Lin K, May A C, Taylor W R
Division of Mathematical Biology, National Institute for Medical Research, The Ridgeway, Mill Hill NW7 1AA, United Kingdom.
J Comput Biol. 2001;8(5):471-81. doi: 10.1089/106652701753216495.
An amino acid substitution matrix specifies probabilities of substitutions for each pair of the 20 amino acids. Log-odds scores transformed from the values in substitution matrices are widely used to construct protein sequence alignments. Any given substitution matrix is suited to matching sequences diverged by a specific evolutionary distance. However, for a given set of sequences, it is not always clear what matrix should be used. We used an artificial neural network model to predict probabilities of amino acid substitutions with alignment samples of different evolutionary distances. From this internal description, substitution matrices suitable for detecting relationships at any chosen evolutionary distance can be instantly generated. By using the additional information of evolutionary distances, the average cross entropy error of our neural network model is lower than that of a series of BLOSUM and PET matrices over all testing sets.
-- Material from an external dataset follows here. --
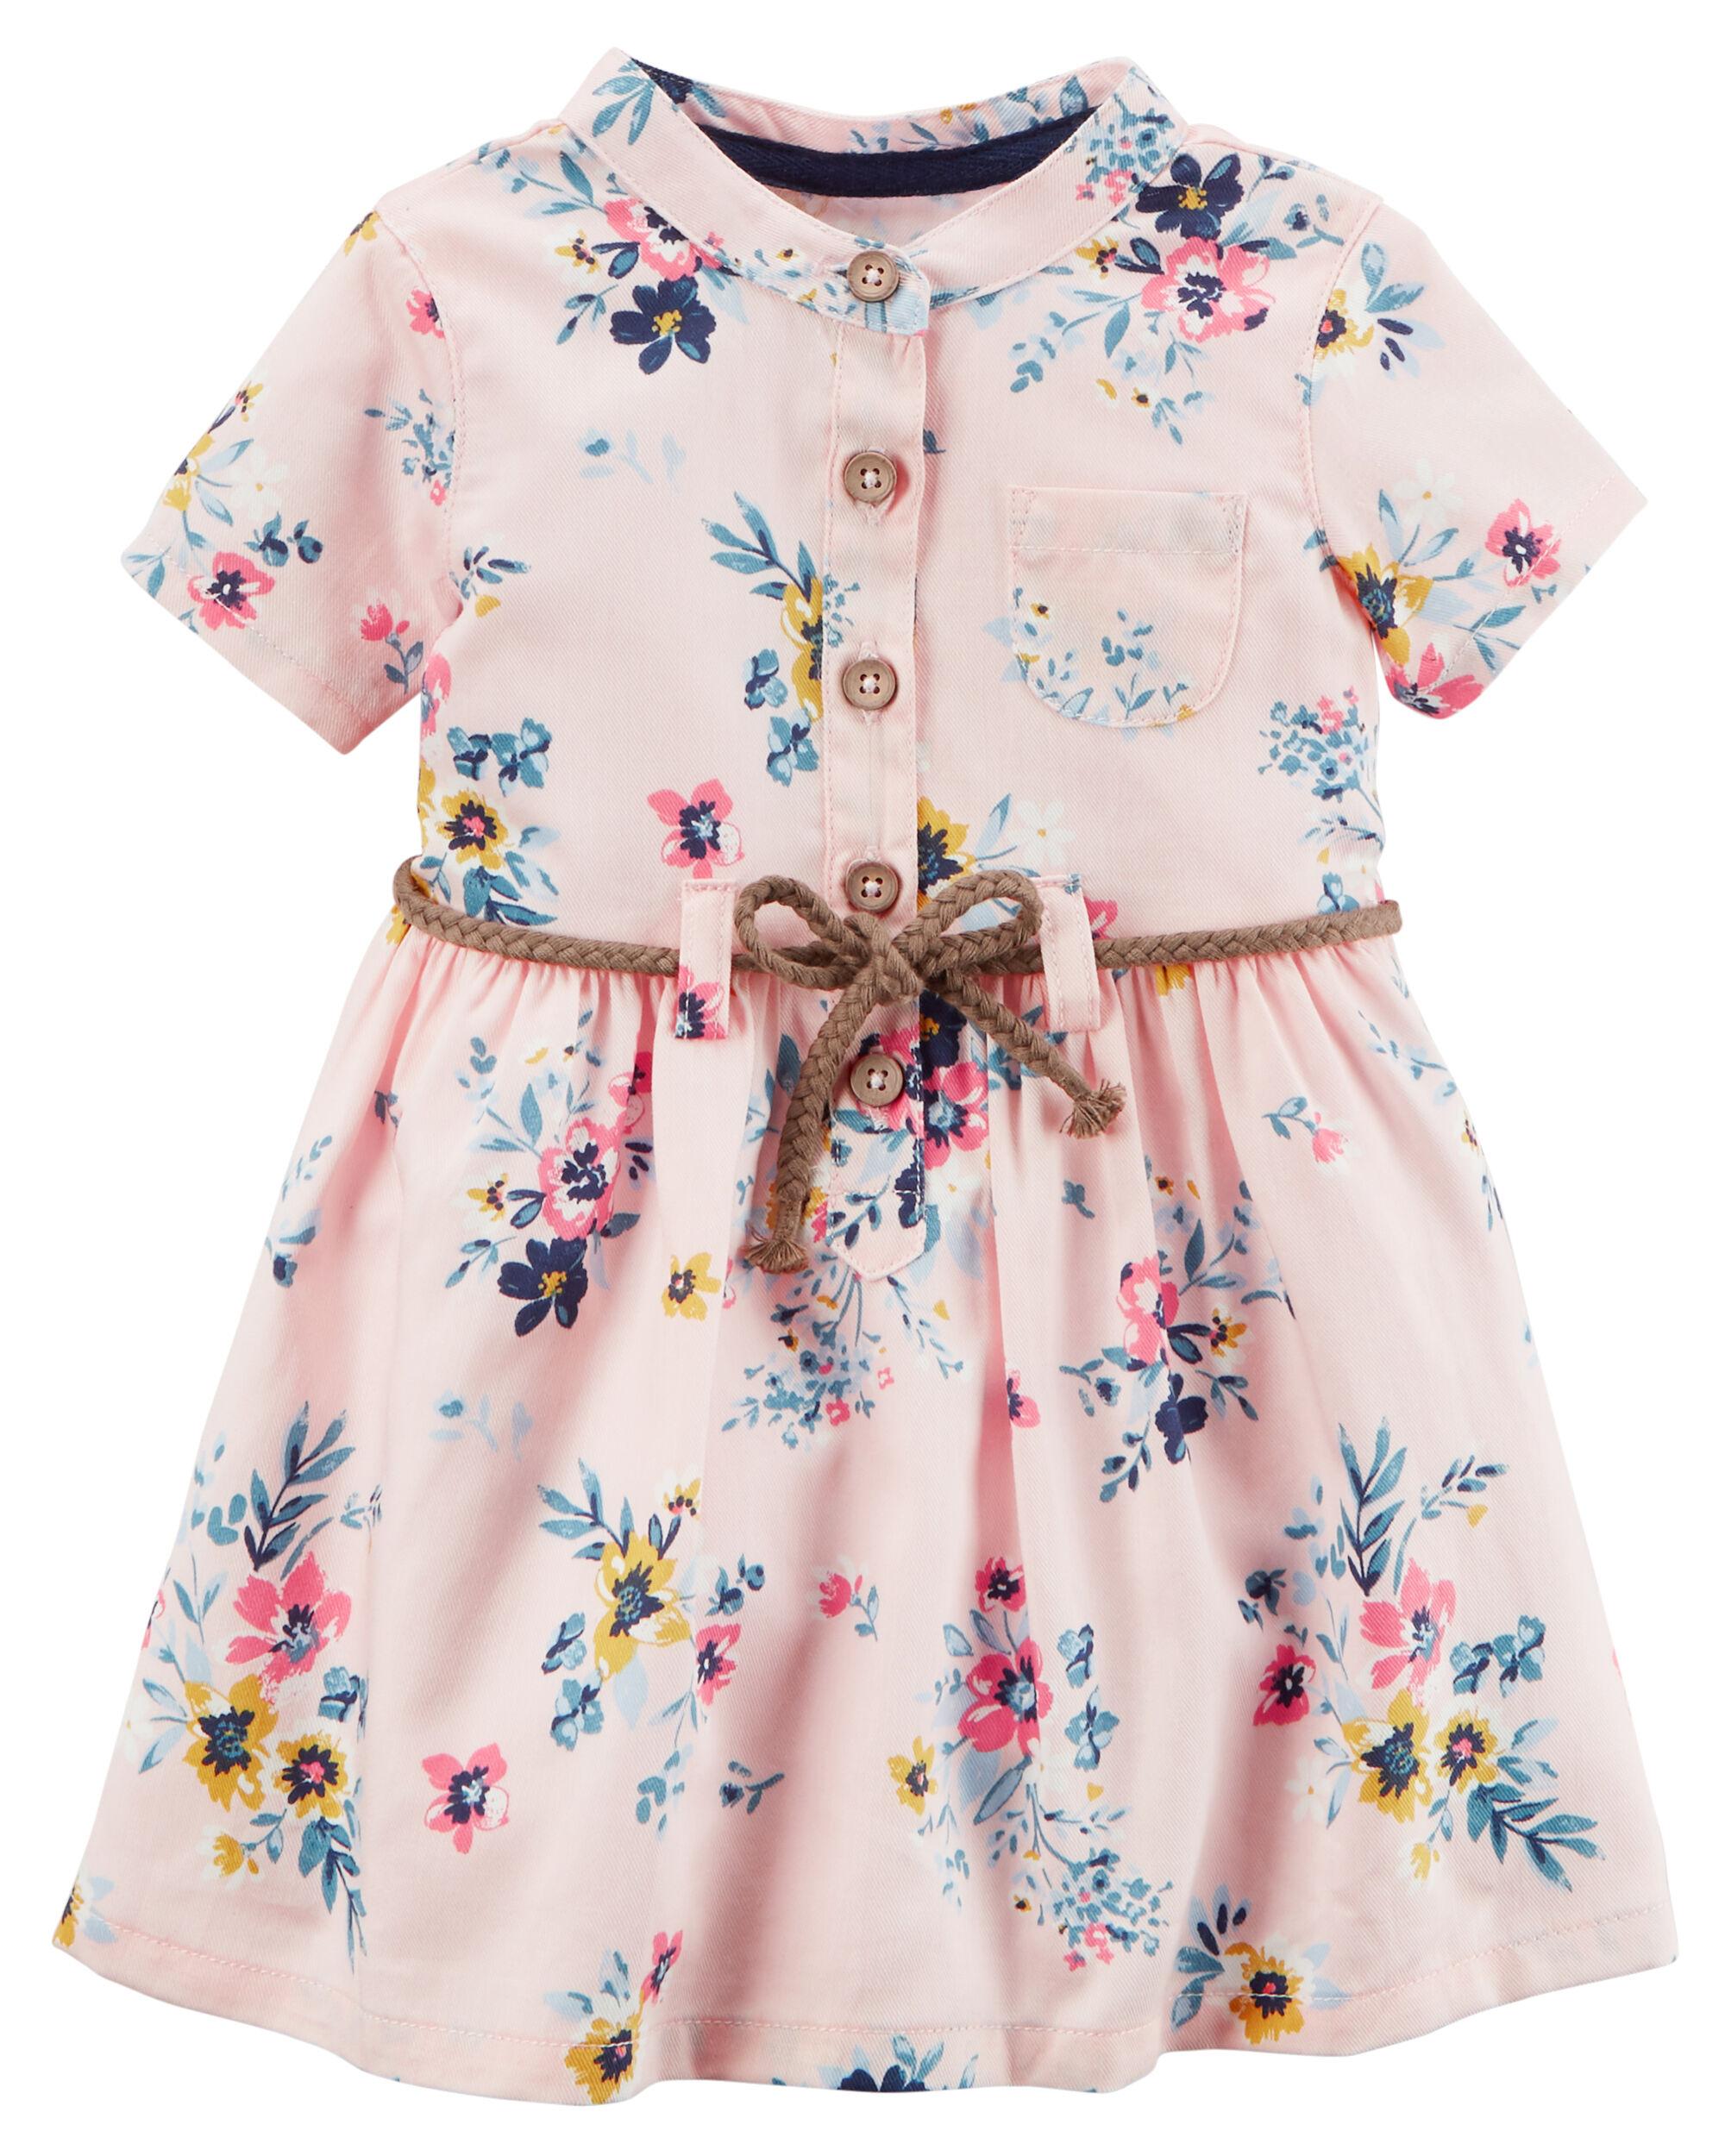 Floral Twill Shirt Dress | Carters.com
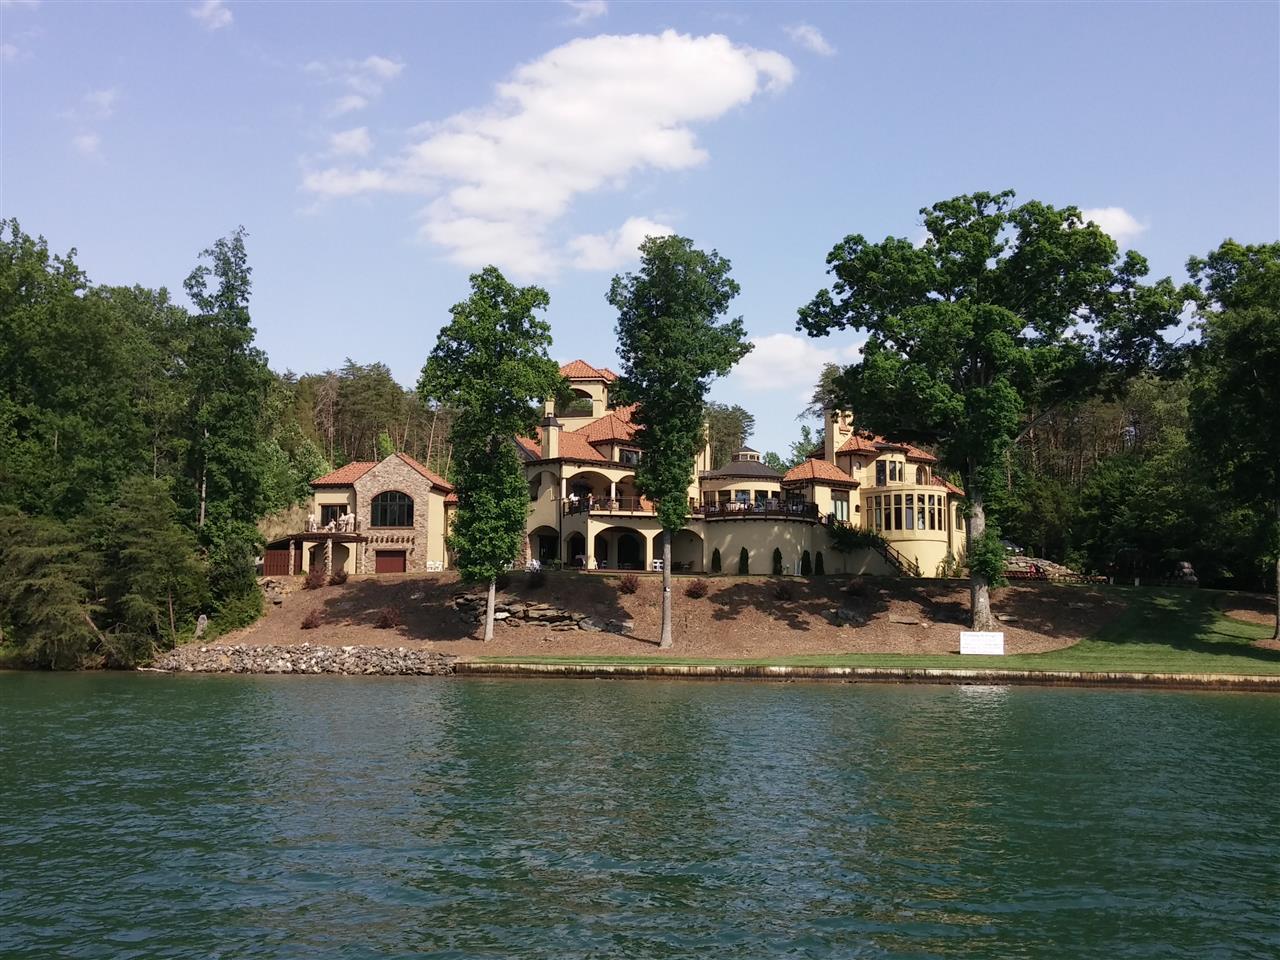 Bella Collina Mansion  a very popular wedding venue on Belews Lake located between Greensboro and Winston-Salem, NC.

Our model is more accurate on the prediction of amino acid substitution probabilities.
氨基酸替换矩阵规定了20种氨基酸中每一对之间的替换概率。从替换矩阵中的值转换而来的对数似然得分被广泛用于构建蛋白质序列比对。任何给定的替换矩阵都适用于匹配因特定进化距离而分化的序列。然而,对于给定的一组序列,并不总是清楚应该使用什么矩阵。我们使用人工神经网络模型,通过不同进化距离的比对样本预测氨基酸替换的概率。根据这一内部描述,可以立即生成适合检测任何选定进化距离下关系的替换矩阵。通过使用进化距离的附加信息,我们神经网络模型的平均交叉熵误差在所有测试集上都低于一系列BLOSUM和PET矩阵。我们的模型在预测氨基酸替换概率方面更准确。